I haven't had any problem with my battery
It has been it the TT since we bought it 2 winters and till working

Don


----------



## NDJollyMon (Aug 22, 2003)

I've got to come up with a new plan...

I froze BOTH my OUTBACK batteries early this season. I had them in the garage longer than I should have. I kinda forgot to put them inside and charge them fully.

They are probably wrecked now, huh?


----------



## Moosegut (Sep 24, 2005)

NDJollyMon said:


> I froze BOTH my OUTBACK batteries early this season. [snapback]77450[/snapback]​


Ahhh, a lot you care, sitting on the beach sipping a Mai Tai. Probably all tan already, soaking in the sun - I'M JEALOUS!
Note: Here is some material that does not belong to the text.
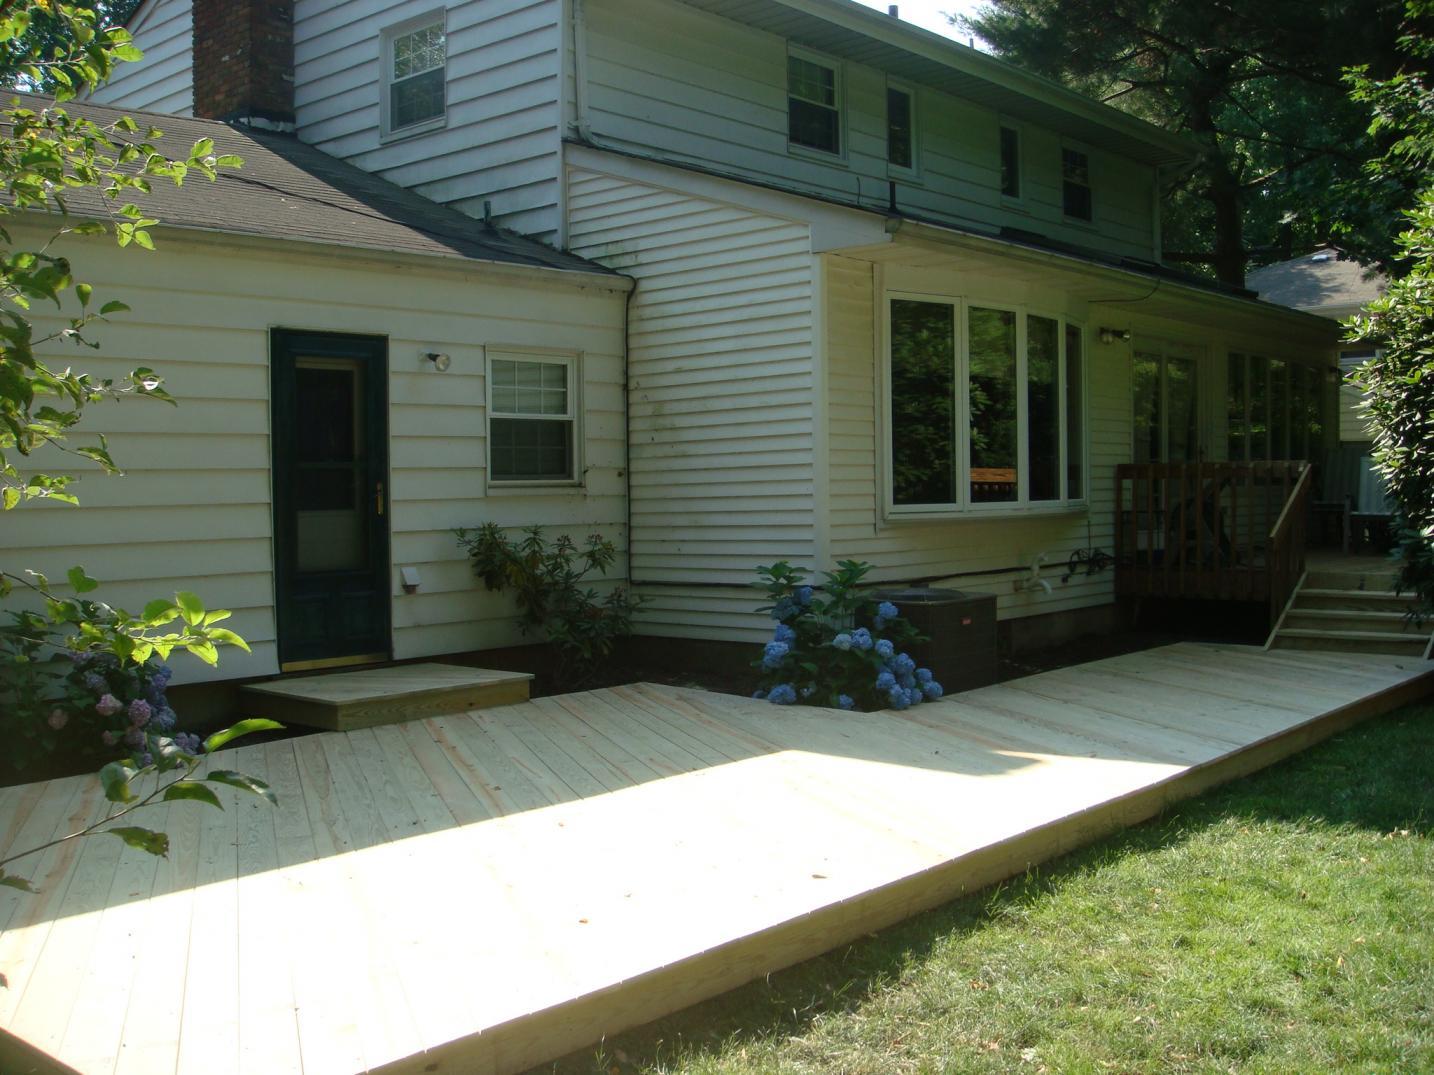 First Ground Level Deck...need Advice Please!! - Decks ... on Ground Level Patio Ideas id=63489

Don't know whether the batteries are gonners - I've abused mine in the past though and they keep on working. Try filling them with water (distilled) and give them a charge - see what happens.


----------



## Sluggo54 (Jun 15, 2005)

Huskytracks said:


> I was wondering at what temp does battery electrolyte freeze if the battery is kept charged? Any battery guys out there?
> 
> 
> 
> ...










Dead flat, they will freeze pretty easily - around 10-15*F IIRC. I hooked jumpers to the series-wired 12V batteries in an Army 5/4 back in the winter of '68-'69 (under orders from a dumb butterbar; I wouldn't have done it on my own). The guy on the other end was supposed to plug the other end into the armored personnel carrier (M113) on my go. Instead, he stuck it in there while my face was still in the battery box. Both batteries exploded. I was 100 feet or so from the wash rack; I found my over there and turned on the water and lay down under the frostproof hydrant to flush eyes and face. There was no lasting damage, though some who have seen that face would disagree.
Moral of the story: don't hook up jumpers or a high-amp charge to a frozen battery. Take it inside and let it thaw thoroughly first, then start real slow...

Slug


----------